## DIRECTIONS FOR THIS TASK
Begin at the line that has "Bottega Veneta \N", stop after the line that has "Map Of Spain", and print exactly those lines from the records below, without any pictures.
═══ DATA IN THIS EXERCISE
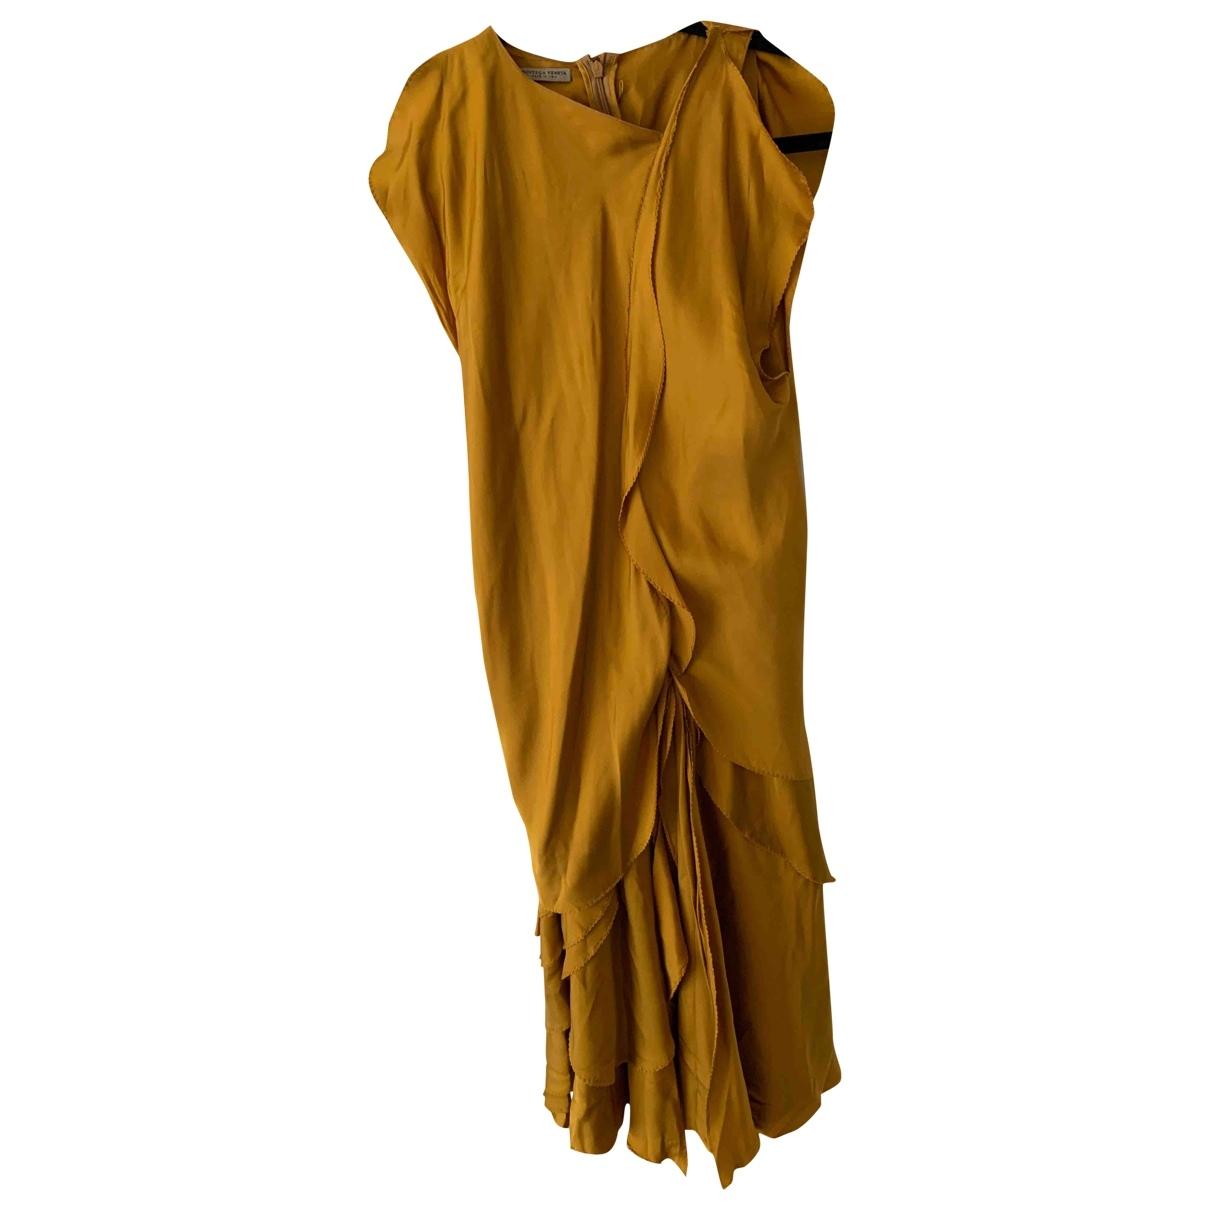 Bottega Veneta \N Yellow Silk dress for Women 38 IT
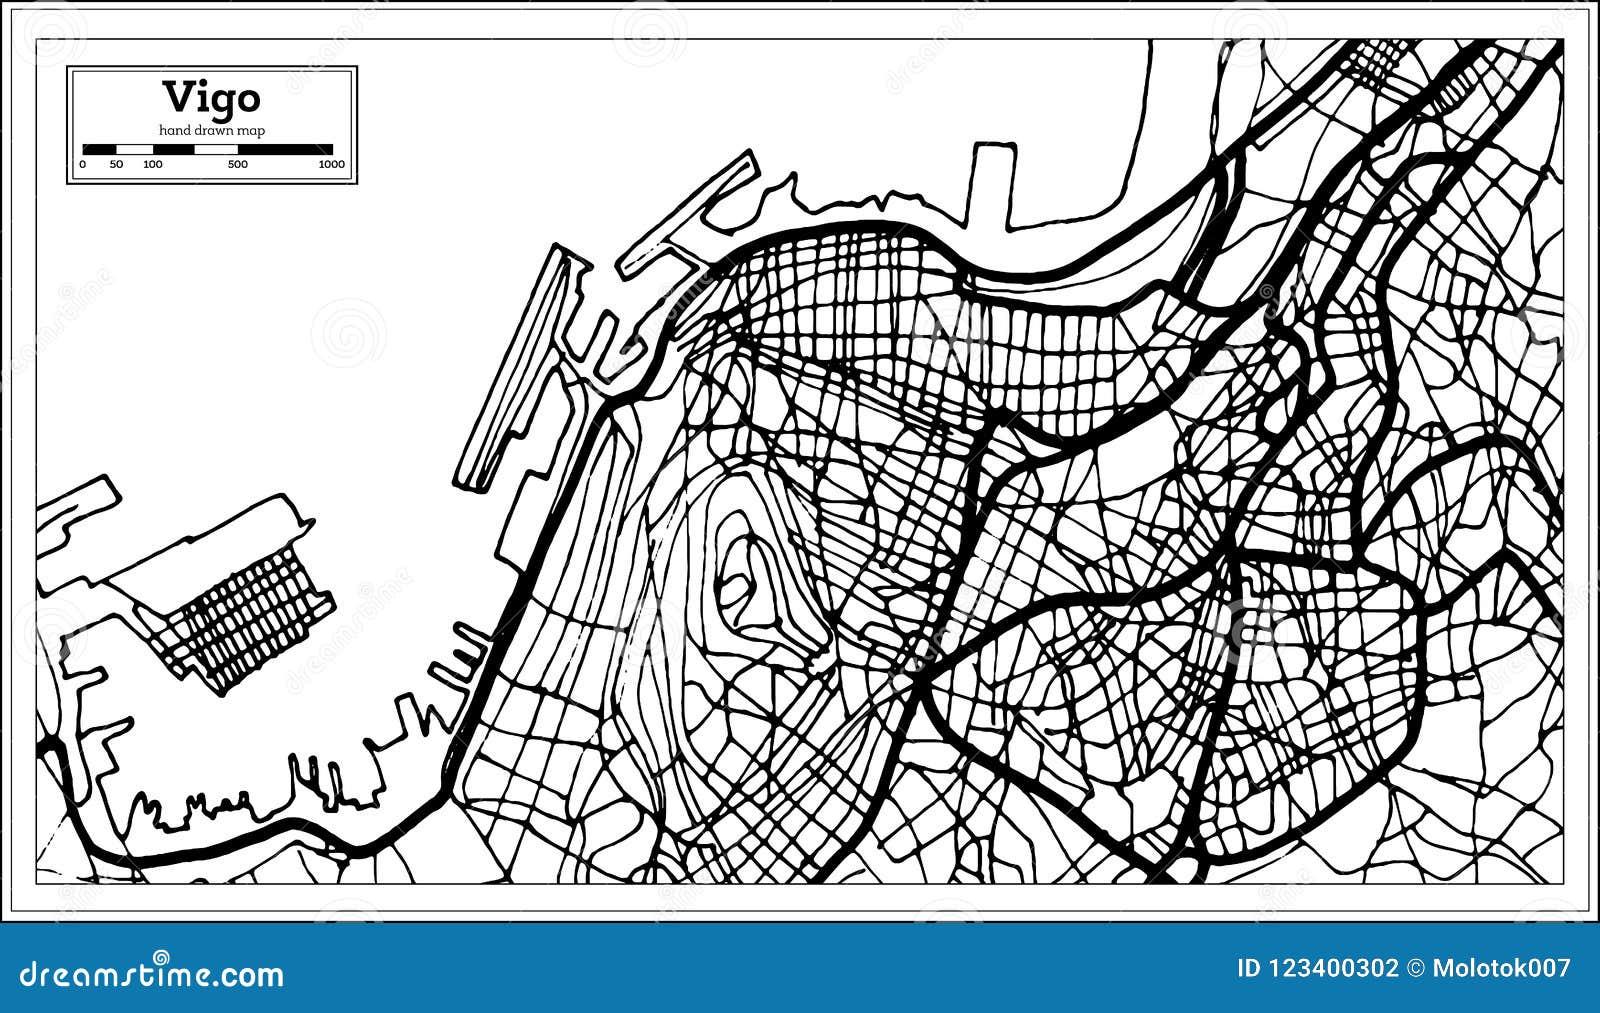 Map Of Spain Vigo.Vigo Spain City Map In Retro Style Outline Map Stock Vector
══════
═══ DATA IN THIS EXERCISE
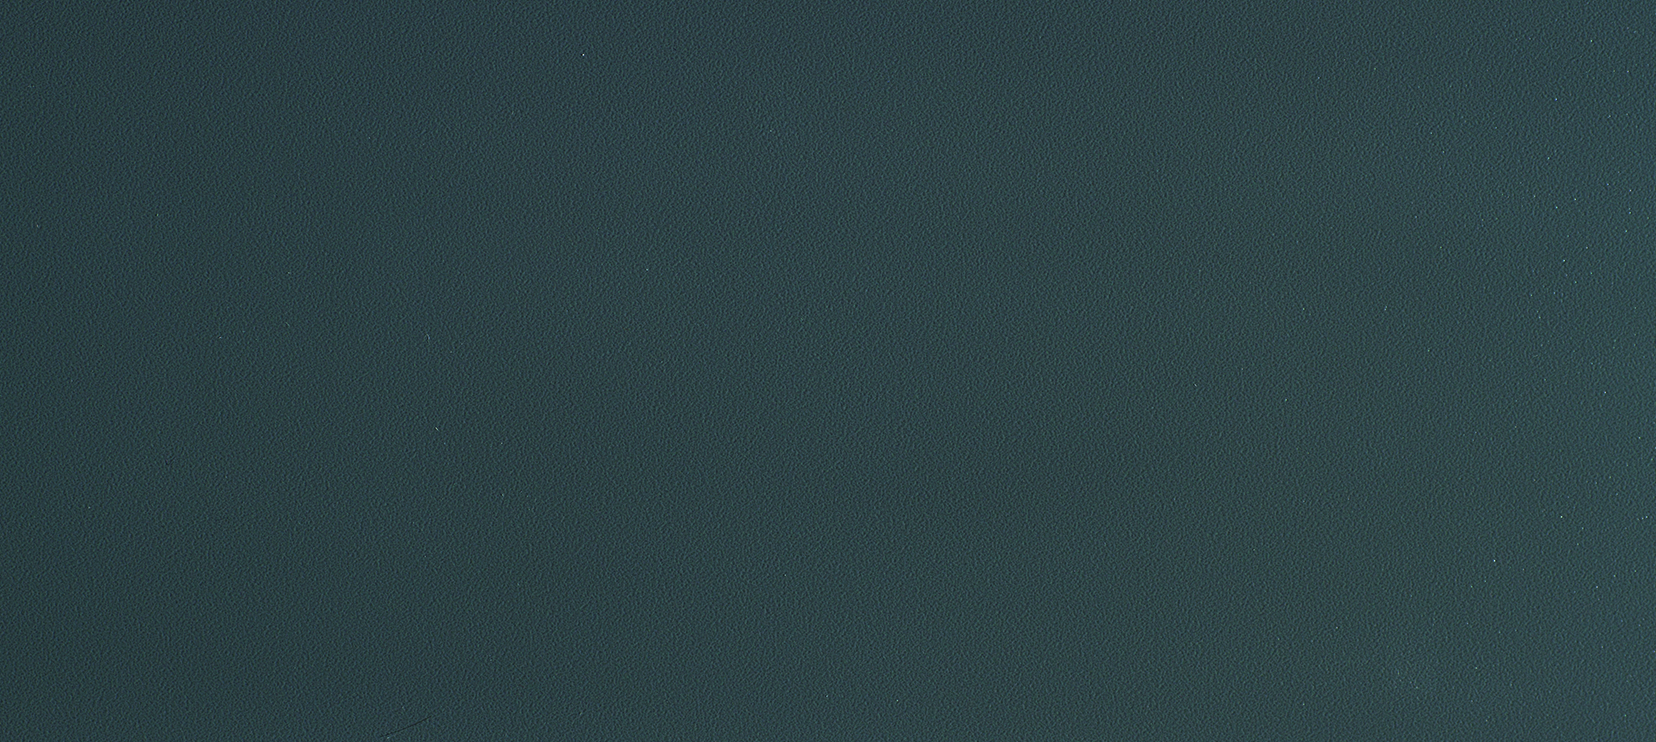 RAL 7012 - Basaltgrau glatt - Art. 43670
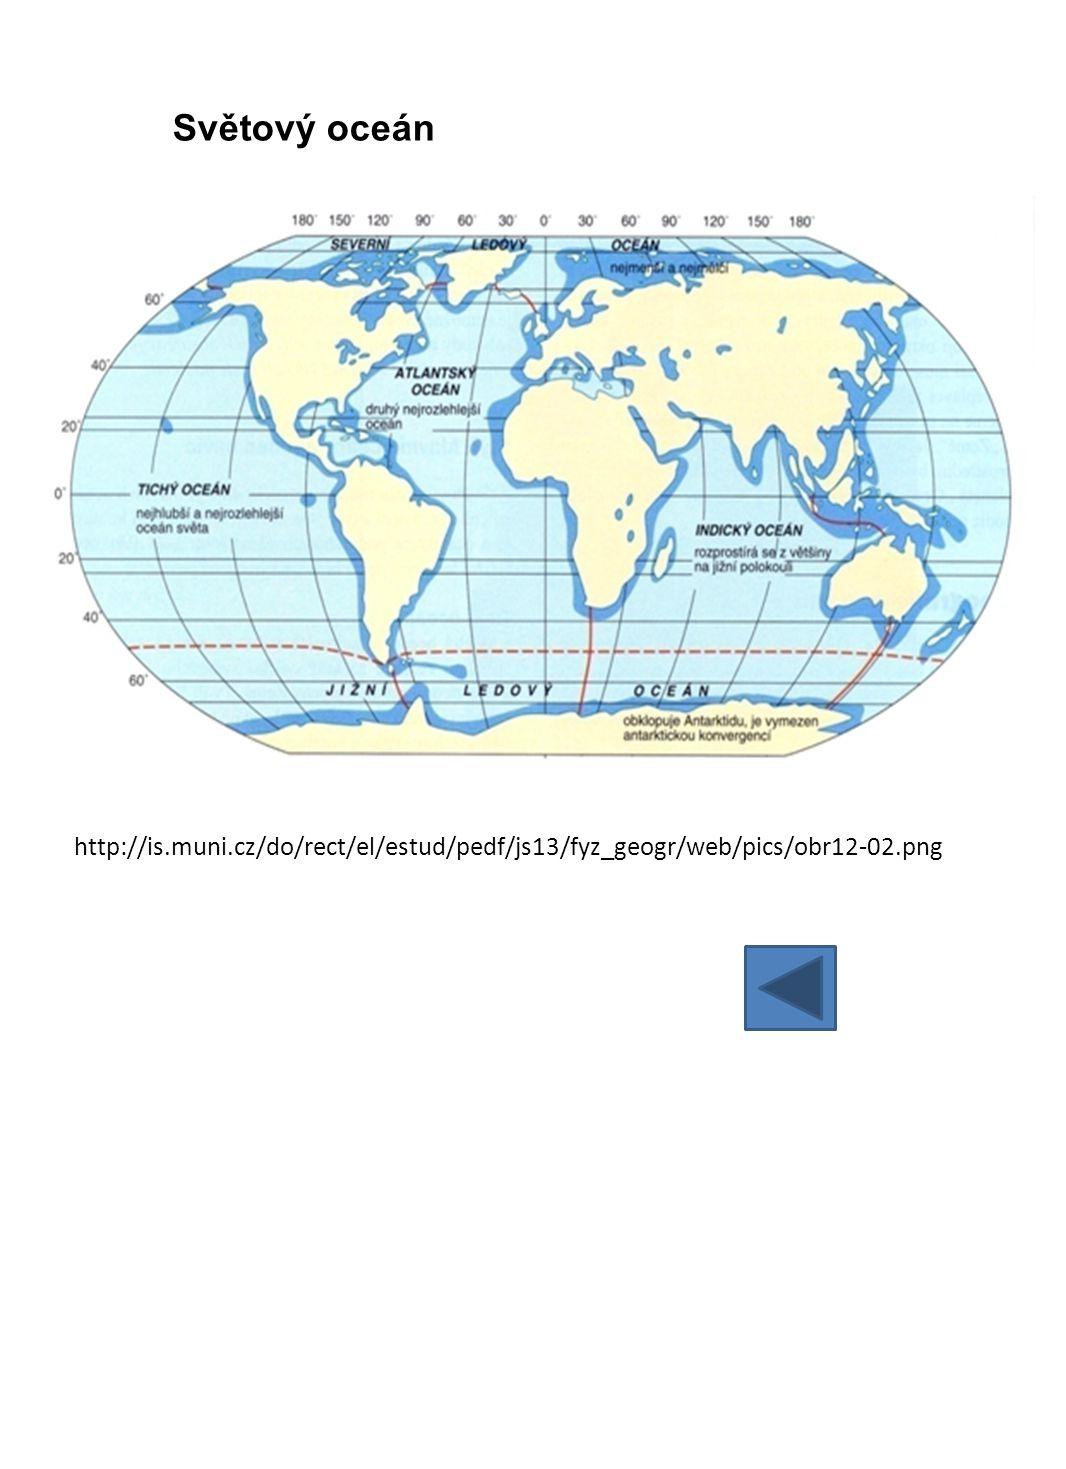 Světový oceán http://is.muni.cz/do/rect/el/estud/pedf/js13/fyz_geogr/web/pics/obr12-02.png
══════
═══ DATA IN THIS EXERCISE
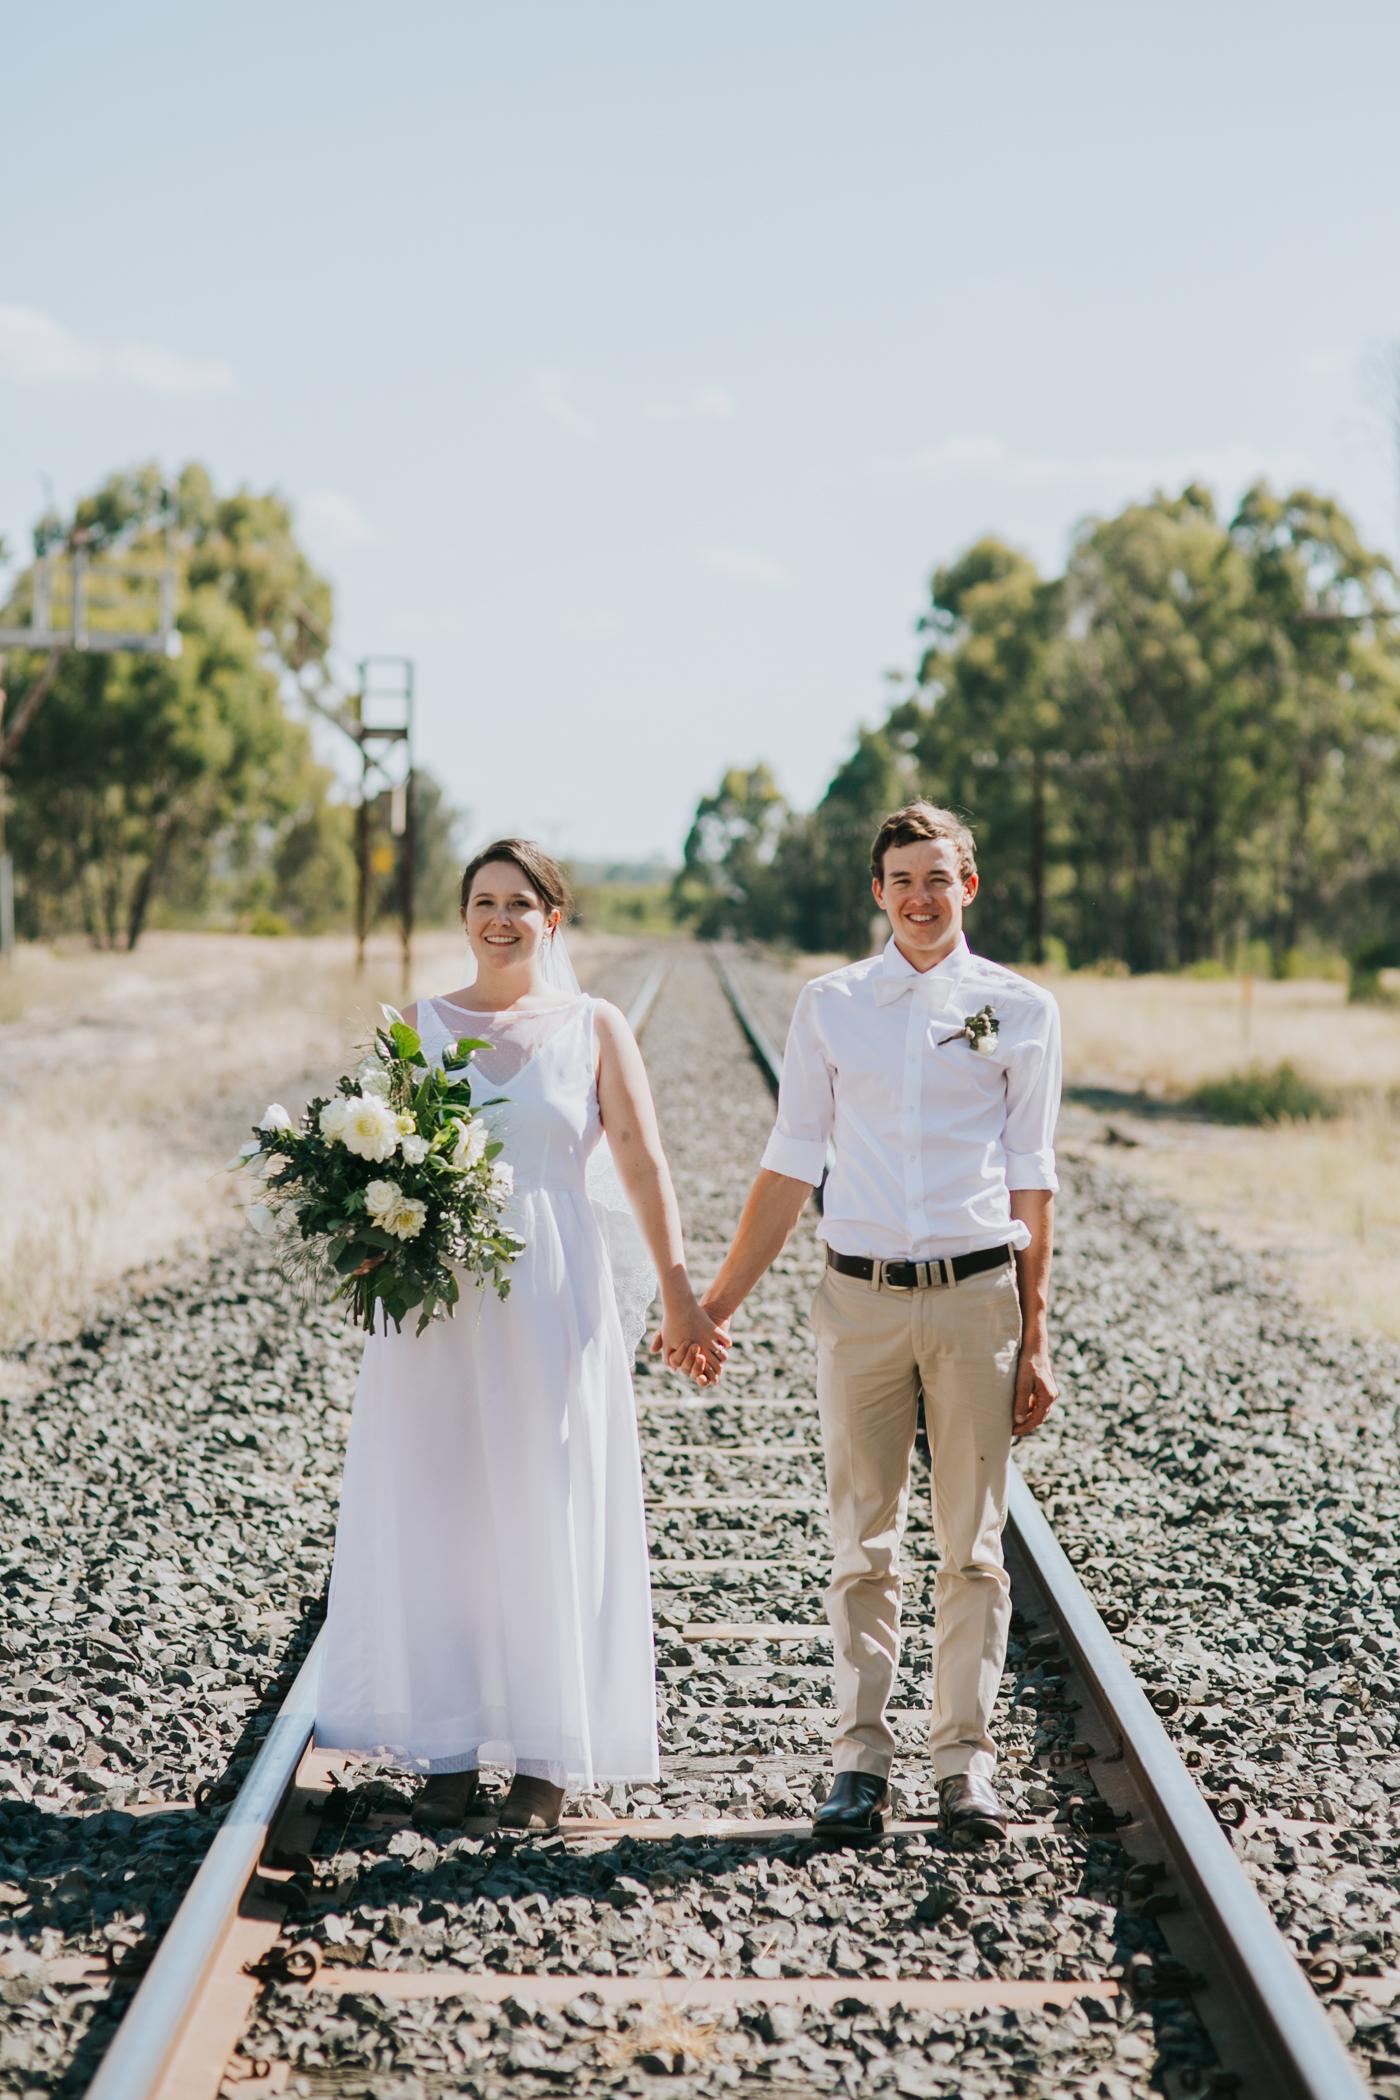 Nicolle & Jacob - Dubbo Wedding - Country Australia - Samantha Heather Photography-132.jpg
══════
## YOUR RESPONSE
 Bottega Veneta \N Yellow Silk dress for Women 38 IT
 Map Of Spain Vigo.Vigo Spain City Map In Retro Style Outline Map Stock Vector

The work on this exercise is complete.